Exclude every picture. Output verbatim the lines from the one containing "Michael Broussard Bionic Punk" to the end of the data.

• [DATA SEGMENT]:
------------------------

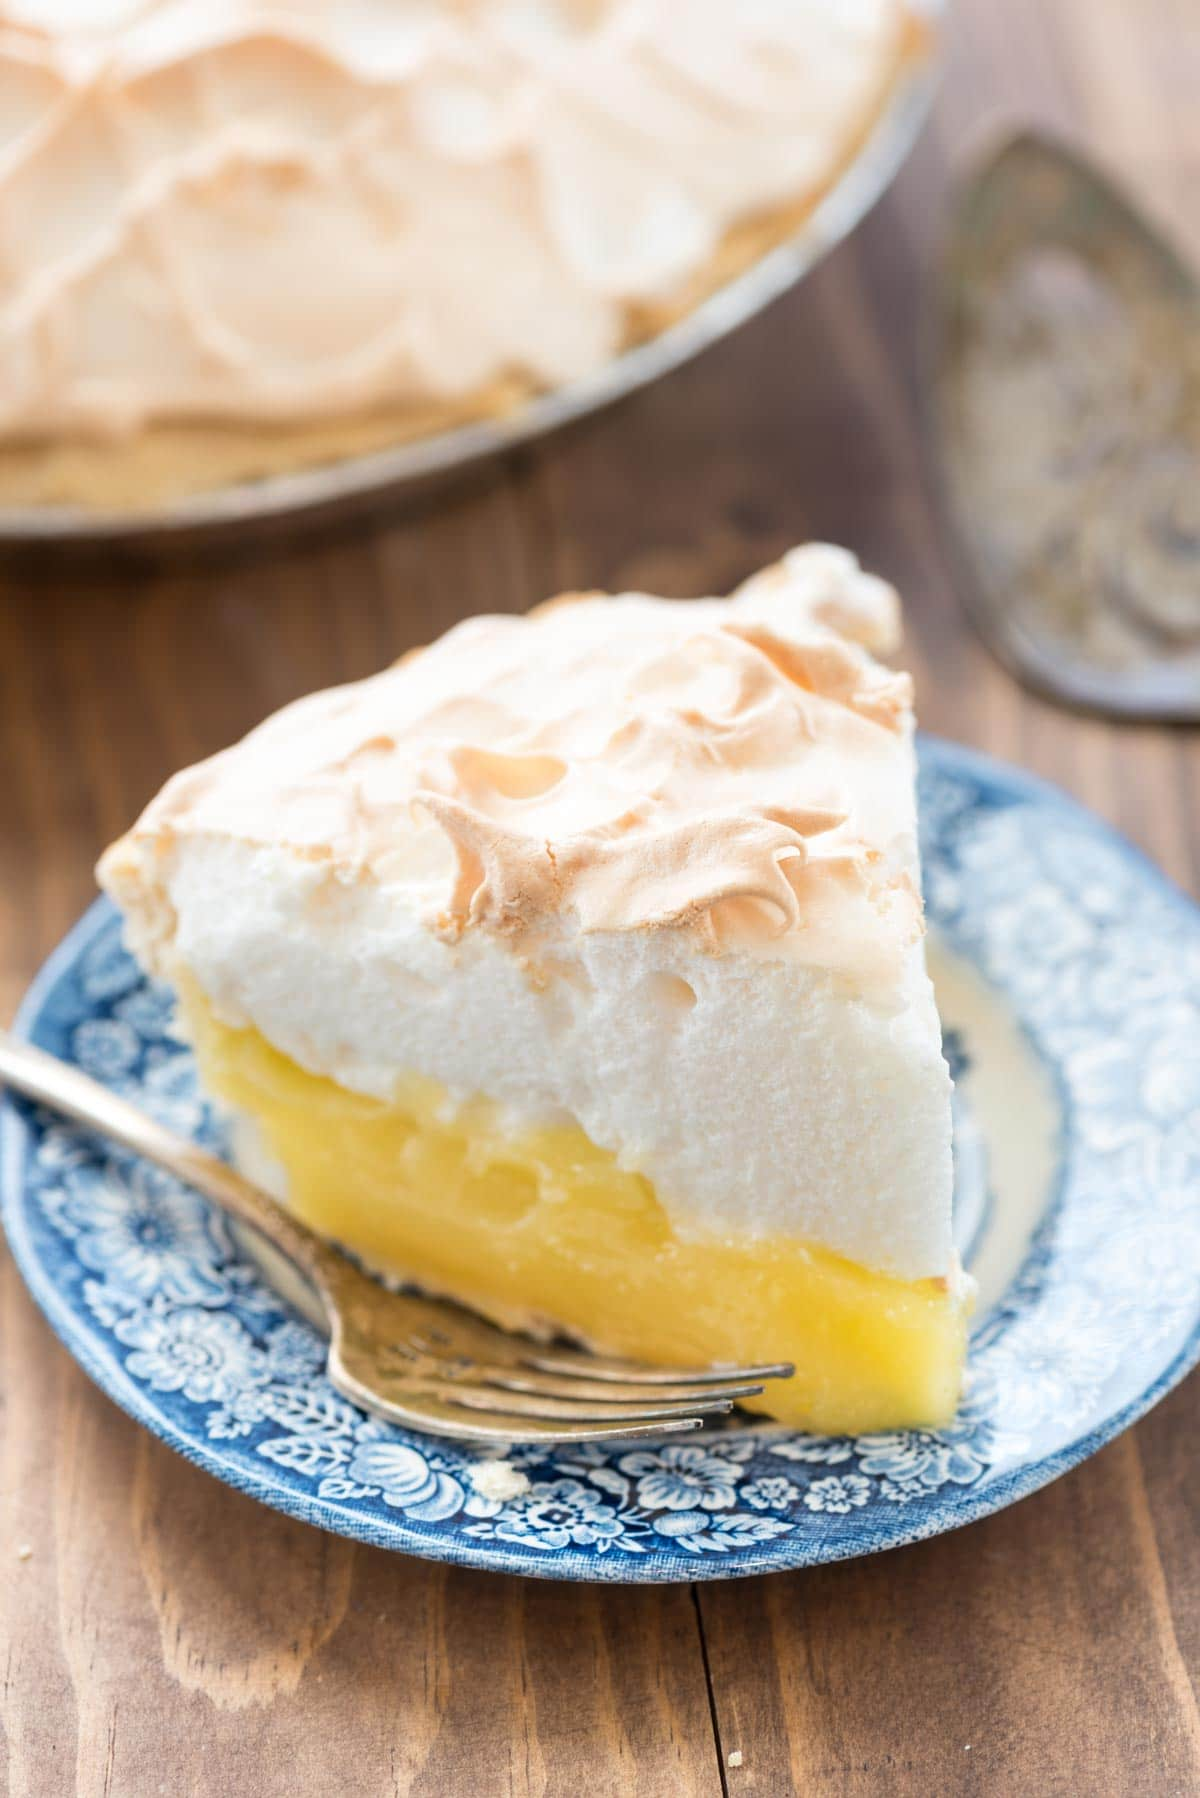 Aunt Tootsie's Lemon Meringue Pie - Crazy for Crust
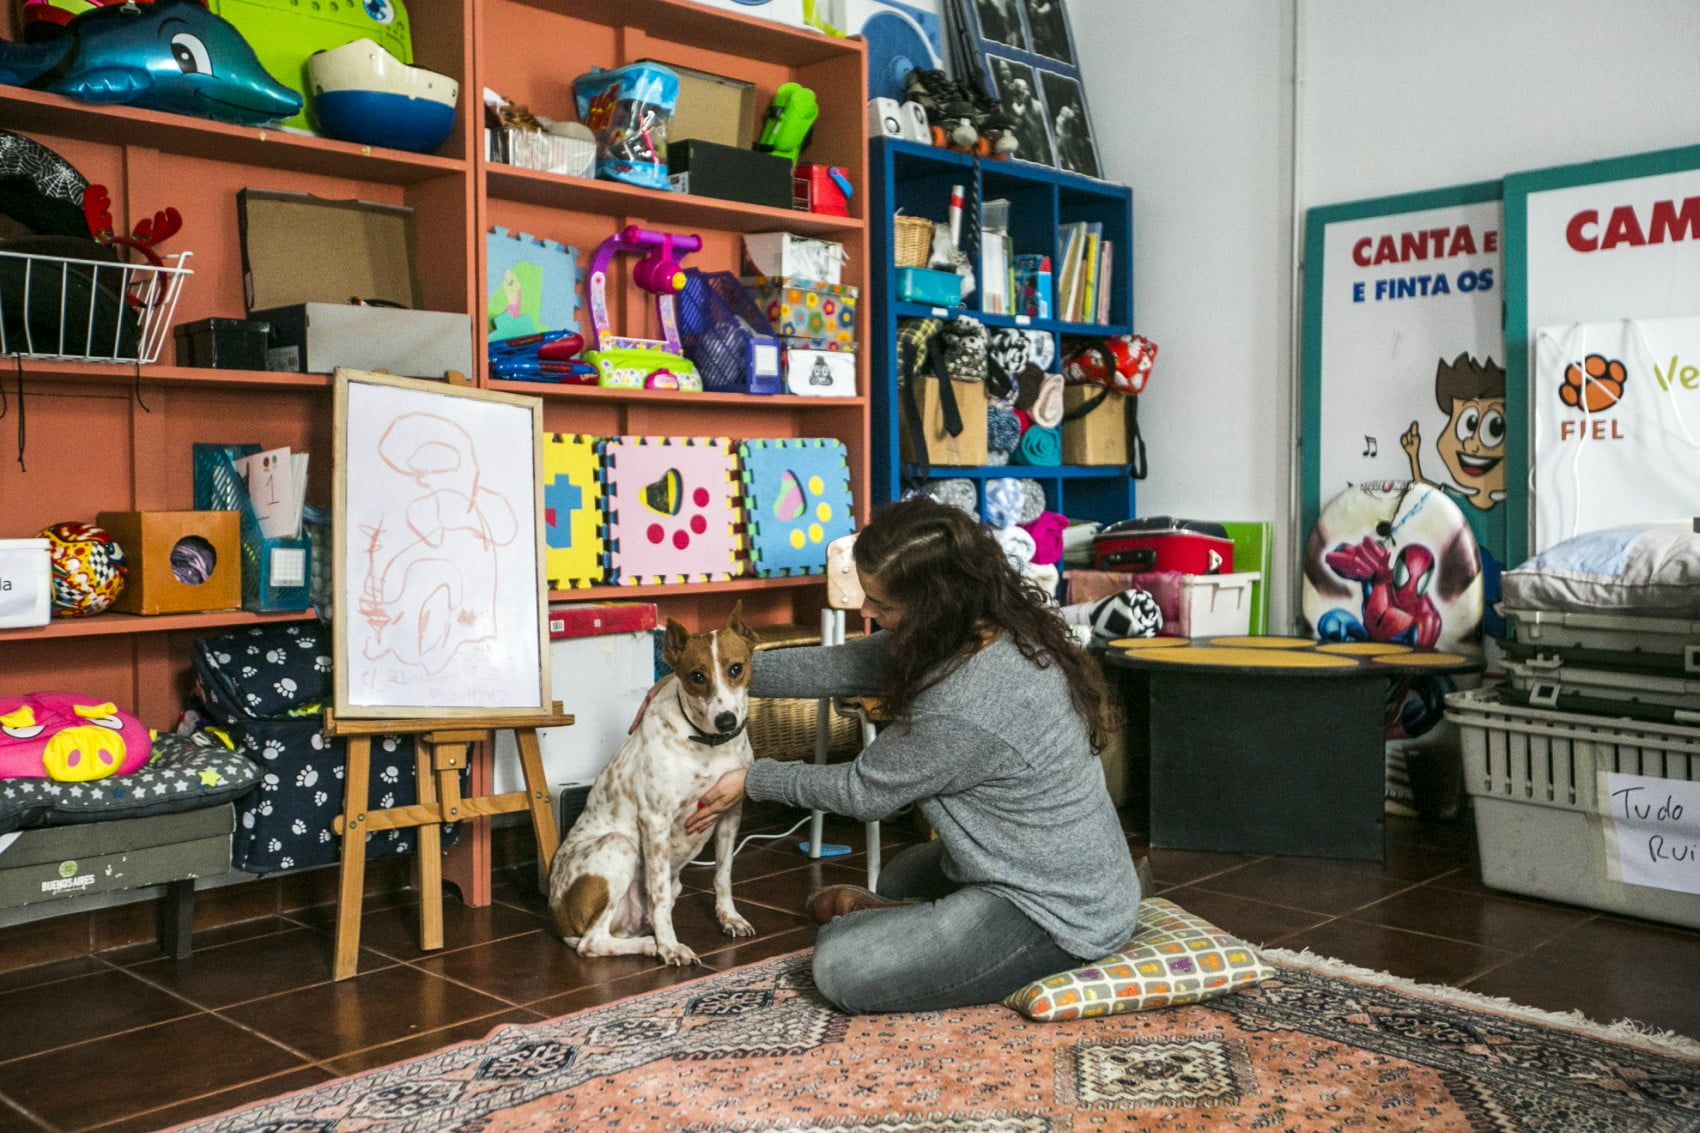 MargaridaCamara7-veterinariaatual
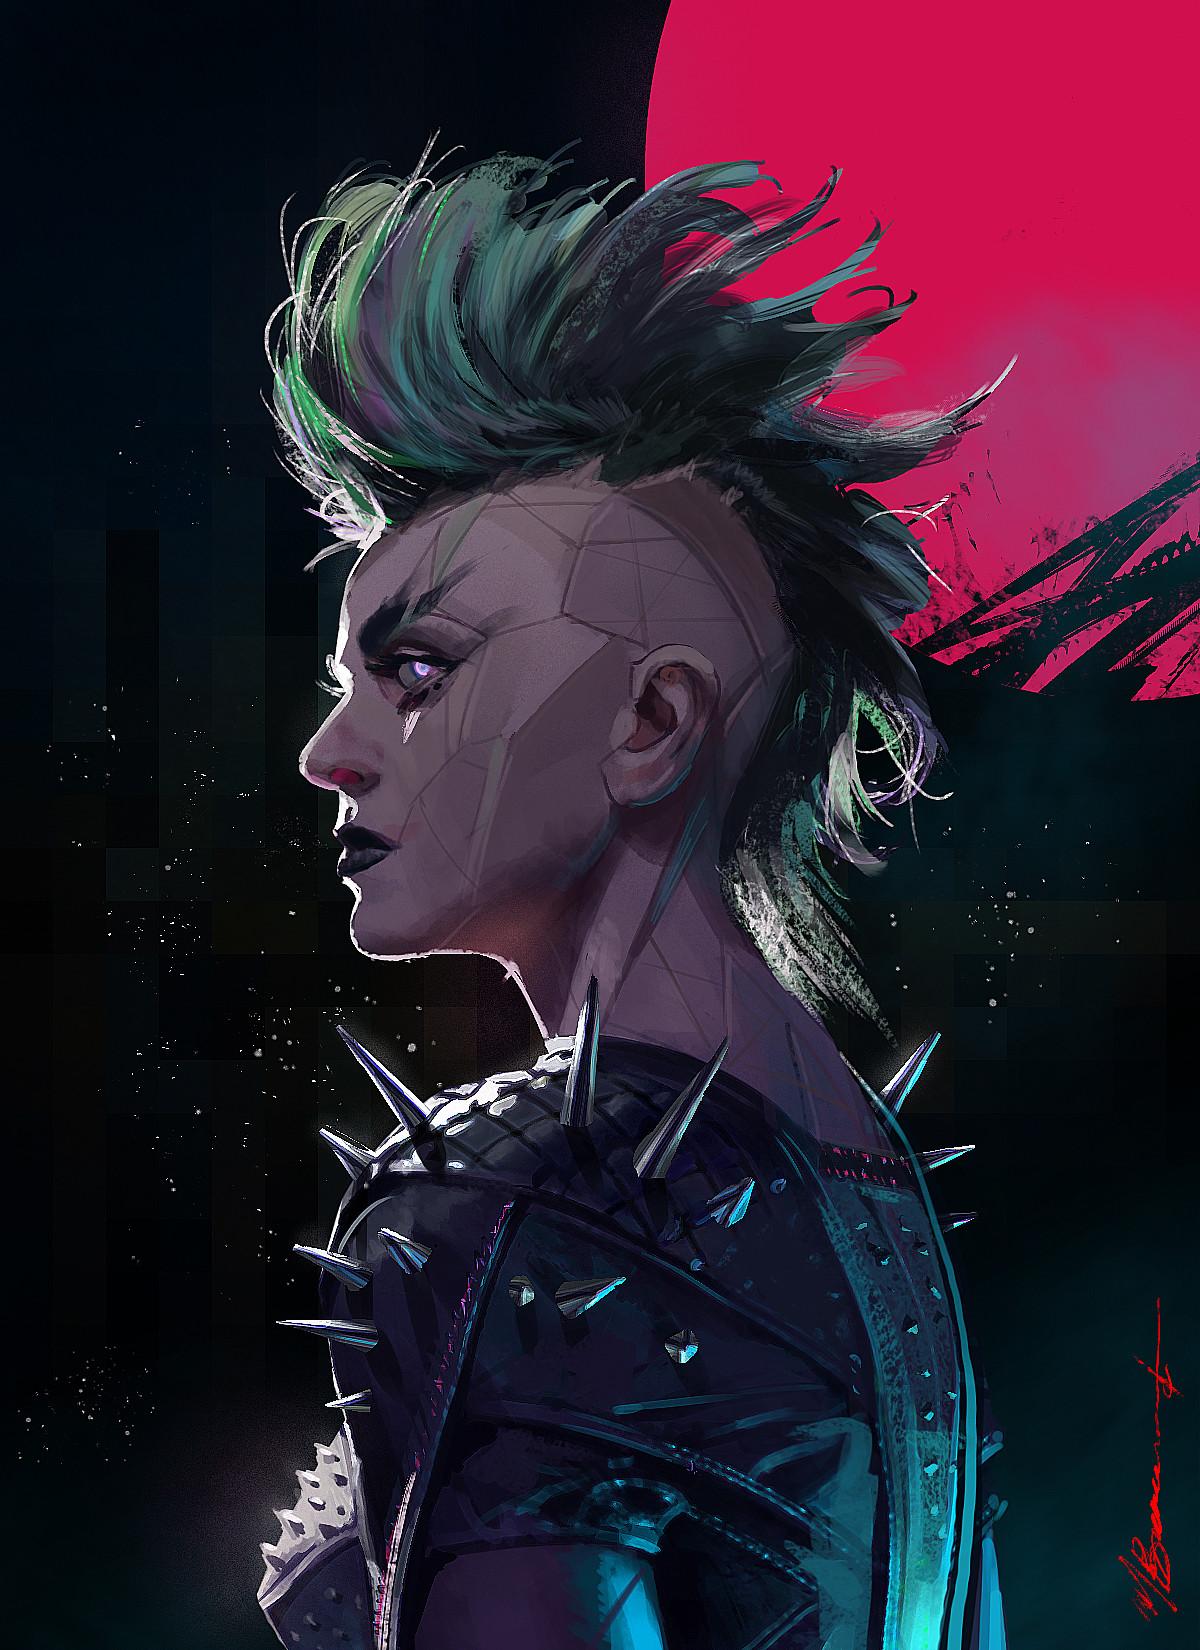 Michael Broussard Bionic Punk
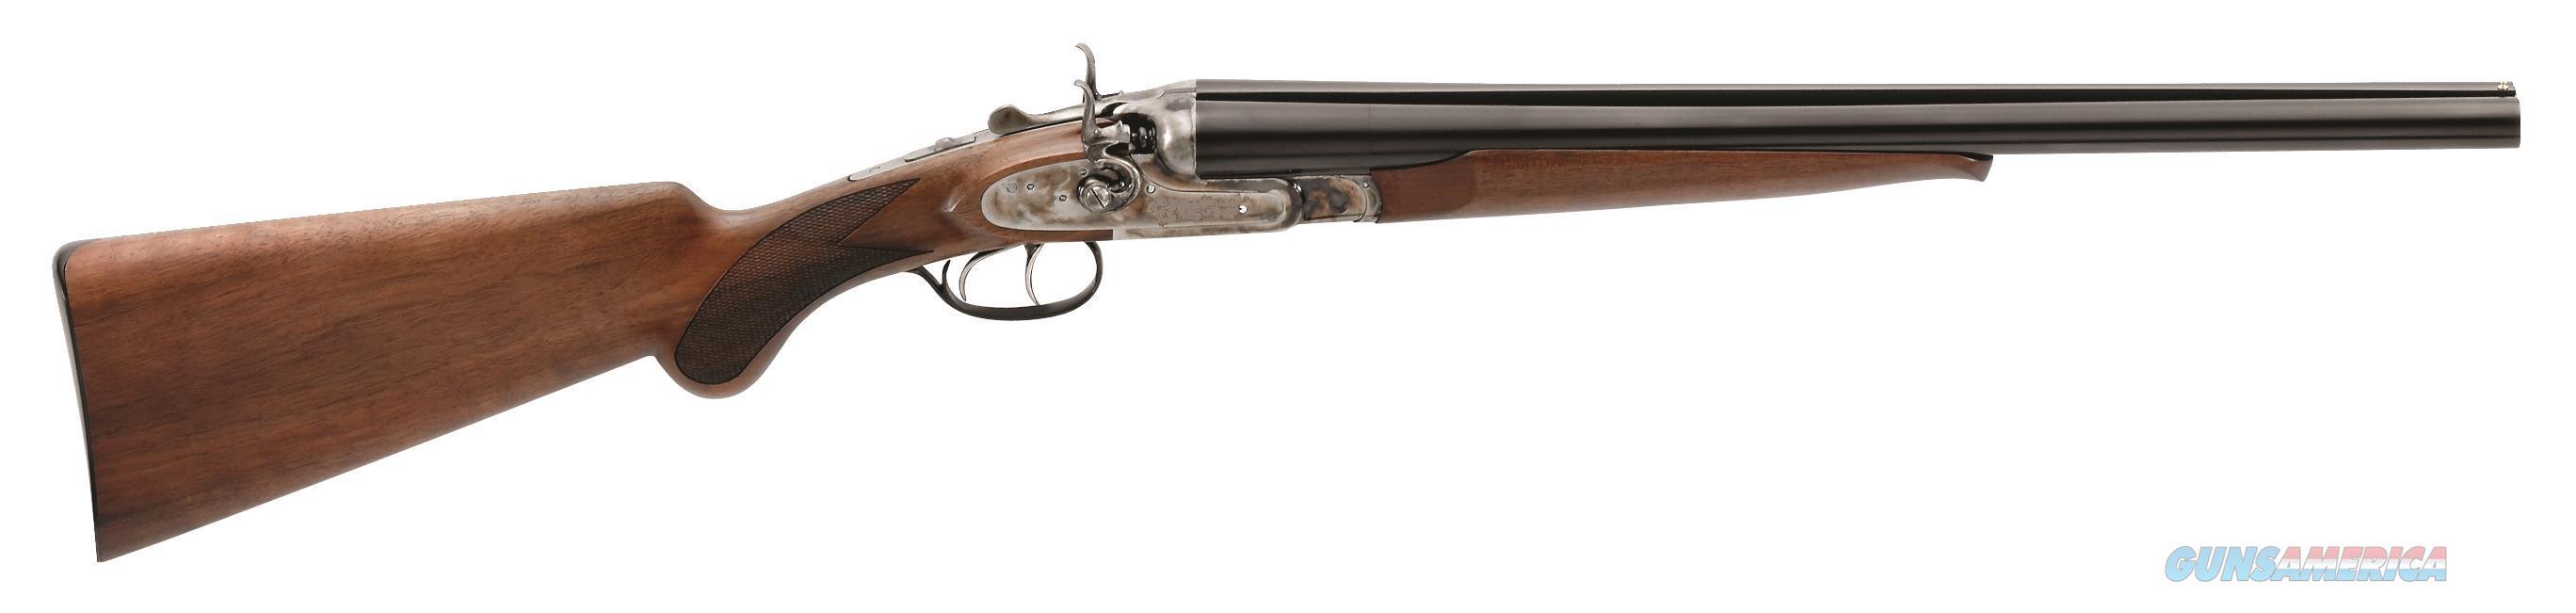 "Taylors And Company S70712ns Wyatt Earp No Stamp Side By Side 12 Gauge 20"" 2.75"" Walnut Stk Case Hardened Rcvr Blued Barrel S70712NS  Guns > Rifles > TU Misc Rifles"

------------------------

• [ANSWER TO THE PROBLEM]:
 Michael Broussard Bionic Punk
 "Taylors And Company S70712ns Wyatt Earp No Stamp Side By Side 12 Gauge 20"" 2.75"" Walnut Stk Case Hardened Rcvr Blued Barrel S70712NS  Guns > Rifles > TU Misc Rifles"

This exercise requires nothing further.